## Task prompt
Print the full listing once more, exactly as given.

Material supplied: Begin

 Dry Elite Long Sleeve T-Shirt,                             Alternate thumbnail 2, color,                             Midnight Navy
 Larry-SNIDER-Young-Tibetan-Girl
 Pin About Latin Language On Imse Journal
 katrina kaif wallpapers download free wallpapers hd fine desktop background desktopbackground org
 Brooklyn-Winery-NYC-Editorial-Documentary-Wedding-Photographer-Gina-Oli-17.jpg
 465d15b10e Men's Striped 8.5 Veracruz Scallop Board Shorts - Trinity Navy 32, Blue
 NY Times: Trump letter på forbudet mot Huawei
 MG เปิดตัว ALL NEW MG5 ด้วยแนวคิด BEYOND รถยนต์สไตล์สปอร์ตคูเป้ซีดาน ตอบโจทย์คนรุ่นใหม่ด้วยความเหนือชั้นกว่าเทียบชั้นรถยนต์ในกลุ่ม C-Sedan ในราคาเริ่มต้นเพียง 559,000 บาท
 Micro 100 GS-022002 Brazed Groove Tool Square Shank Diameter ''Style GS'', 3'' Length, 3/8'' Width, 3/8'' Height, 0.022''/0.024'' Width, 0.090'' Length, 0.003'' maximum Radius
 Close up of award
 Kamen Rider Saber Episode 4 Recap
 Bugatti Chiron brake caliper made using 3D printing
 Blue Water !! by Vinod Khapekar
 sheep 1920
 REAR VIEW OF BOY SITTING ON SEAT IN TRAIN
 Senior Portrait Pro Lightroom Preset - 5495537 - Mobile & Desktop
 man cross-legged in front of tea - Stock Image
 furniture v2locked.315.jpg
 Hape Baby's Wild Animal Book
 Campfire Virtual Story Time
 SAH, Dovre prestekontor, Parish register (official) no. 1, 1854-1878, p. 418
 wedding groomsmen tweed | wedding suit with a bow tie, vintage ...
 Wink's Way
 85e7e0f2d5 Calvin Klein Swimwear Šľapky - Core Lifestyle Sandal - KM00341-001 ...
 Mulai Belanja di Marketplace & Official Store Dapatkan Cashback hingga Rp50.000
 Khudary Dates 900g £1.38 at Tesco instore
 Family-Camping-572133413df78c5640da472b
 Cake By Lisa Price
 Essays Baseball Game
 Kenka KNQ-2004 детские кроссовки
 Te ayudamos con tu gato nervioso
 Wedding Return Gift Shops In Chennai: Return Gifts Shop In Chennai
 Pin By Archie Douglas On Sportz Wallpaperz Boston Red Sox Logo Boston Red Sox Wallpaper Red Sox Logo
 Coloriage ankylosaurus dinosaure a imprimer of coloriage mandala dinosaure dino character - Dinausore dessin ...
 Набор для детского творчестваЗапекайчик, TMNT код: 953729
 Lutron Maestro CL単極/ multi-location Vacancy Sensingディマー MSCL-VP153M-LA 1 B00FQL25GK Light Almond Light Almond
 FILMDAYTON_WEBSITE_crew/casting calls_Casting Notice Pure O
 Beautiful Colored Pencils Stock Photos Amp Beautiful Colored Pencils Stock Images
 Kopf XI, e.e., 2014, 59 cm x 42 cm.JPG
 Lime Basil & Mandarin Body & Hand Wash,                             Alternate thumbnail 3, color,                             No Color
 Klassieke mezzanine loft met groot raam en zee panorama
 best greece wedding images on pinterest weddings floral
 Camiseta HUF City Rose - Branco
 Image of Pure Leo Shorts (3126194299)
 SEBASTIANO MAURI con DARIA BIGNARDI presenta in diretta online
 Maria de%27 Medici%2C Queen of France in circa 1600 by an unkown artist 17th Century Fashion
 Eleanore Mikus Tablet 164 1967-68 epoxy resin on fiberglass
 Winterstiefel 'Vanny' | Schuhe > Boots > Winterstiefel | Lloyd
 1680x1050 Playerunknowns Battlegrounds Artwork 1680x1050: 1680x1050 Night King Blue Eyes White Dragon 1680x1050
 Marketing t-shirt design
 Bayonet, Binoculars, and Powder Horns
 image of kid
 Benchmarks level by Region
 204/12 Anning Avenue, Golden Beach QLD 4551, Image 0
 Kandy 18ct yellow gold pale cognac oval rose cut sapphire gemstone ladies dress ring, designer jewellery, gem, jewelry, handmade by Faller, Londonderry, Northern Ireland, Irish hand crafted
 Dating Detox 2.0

Material supplied: End

## Answer to the problem
 Dry Elite Long Sleeve T-Shirt,                             Alternate thumbnail 2, color,                             Midnight Navy
 Larry-SNIDER-Young-Tibetan-Girl
 Pin About Latin Language On Imse Journal
 katrina kaif wallpapers download free wallpapers hd fine desktop background desktopbackground org
 Brooklyn-Winery-NYC-Editorial-Documentary-Wedding-Photographer-Gina-Oli-17.jpg
 465d15b10e Men's Striped 8.5 Veracruz Scallop Board Shorts - Trinity Navy 32, Blue
 NY Times: Trump letter på forbudet mot Huawei
 MG เปิดตัว ALL NEW MG5 ด้วยแนวคิด BEYOND รถยนต์สไตล์สปอร์ตคูเป้ซีดาน ตอบโจทย์คนรุ่นใหม่ด้วยความเหนือชั้นกว่าเทียบชั้นรถยนต์ในกลุ่ม C-Sedan ในราคาเริ่มต้นเพียง 559,000 บาท
 Micro 100 GS-022002 Brazed Groove Tool Square Shank Diameter ''Style GS'', 3'' Length, 3/8'' Width, 3/8'' Height, 0.022''/0.024'' Width, 0.090'' Length, 0.003'' maximum Radius
 Close up of award
 Kamen Rider Saber Episode 4 Recap
 Bugatti Chiron brake caliper made using 3D printing
 Blue Water !! by Vinod Khapekar
 sheep 1920
 REAR VIEW OF BOY SITTING ON SEAT IN TRAIN
 Senior Portrait Pro Lightroom Preset - 5495537 - Mobile & Desktop
 man cross-legged in front of tea - Stock Image
 furniture v2locked.315.jpg
 Hape Baby's Wild Animal Book
 Campfire Virtual Story Time
 SAH, Dovre prestekontor, Parish register (official) no. 1, 1854-1878, p. 418
 wedding groomsmen tweed | wedding suit with a bow tie, vintage ...
 Wink's Way
 85e7e0f2d5 Calvin Klein Swimwear Šľapky - Core Lifestyle Sandal - KM00341-001 ...
 Mulai Belanja di Marketplace & Official Store Dapatkan Cashback hingga Rp50.000
 Khudary Dates 900g £1.38 at Tesco instore
 Family-Camping-572133413df78c5640da472b
 Cake By Lisa Price
 Essays Baseball Game
 Kenka KNQ-2004 детские кроссовки
 Te ayudamos con tu gato nervioso
 Wedding Return Gift Shops In Chennai: Return Gifts Shop In Chennai
 Pin By Archie Douglas On Sportz Wallpaperz Boston Red Sox Logo Boston Red Sox Wallpaper Red Sox Logo
 Coloriage ankylosaurus dinosaure a imprimer of coloriage mandala dinosaure dino character - Dinausore dessin ...
 Набор для детского творчестваЗапекайчик, TMNT код: 953729
 Lutron Maestro CL単極/ multi-location Vacancy Sensingディマー MSCL-VP153M-LA 1 B00FQL25GK Light Almond Light Almond
 FILMDAYTON_WEBSITE_crew/casting calls_Casting Notice Pure O
 Beautiful Colored Pencils Stock Photos Amp Beautiful Colored Pencils Stock Images
 Kopf XI, e.e., 2014, 59 cm x 42 cm.JPG
 Lime Basil & Mandarin Body & Hand Wash,                             Alternate thumbnail 3, color,                             No Color
 Klassieke mezzanine loft met groot raam en zee panorama
 best greece wedding images on pinterest weddings floral
 Camiseta HUF City Rose - Branco
 Image of Pure Leo Shorts (3126194299)
 SEBASTIANO MAURI con DARIA BIGNARDI presenta in diretta online
 Maria de%27 Medici%2C Queen of France in circa 1600 by an unkown artist 17th Century Fashion
 Eleanore Mikus Tablet 164 1967-68 epoxy resin on fiberglass
 Winterstiefel 'Vanny' | Schuhe > Boots > Winterstiefel | Lloyd
 1680x1050 Playerunknowns Battlegrounds Artwork 1680x1050: 1680x1050 Night King Blue Eyes White Dragon 1680x1050
 Marketing t-shirt design
 Bayonet, Binoculars, and Powder Horns
 image of kid
 Benchmarks level by Region
 204/12 Anning Avenue, Golden Beach QLD 4551, Image 0
 Kandy 18ct yellow gold pale cognac oval rose cut sapphire gemstone ladies dress ring, designer jewellery, gem, jewelry, handmade by Faller, Londonderry, Northern Ireland, Irish hand crafted
 Dating Detox 2.0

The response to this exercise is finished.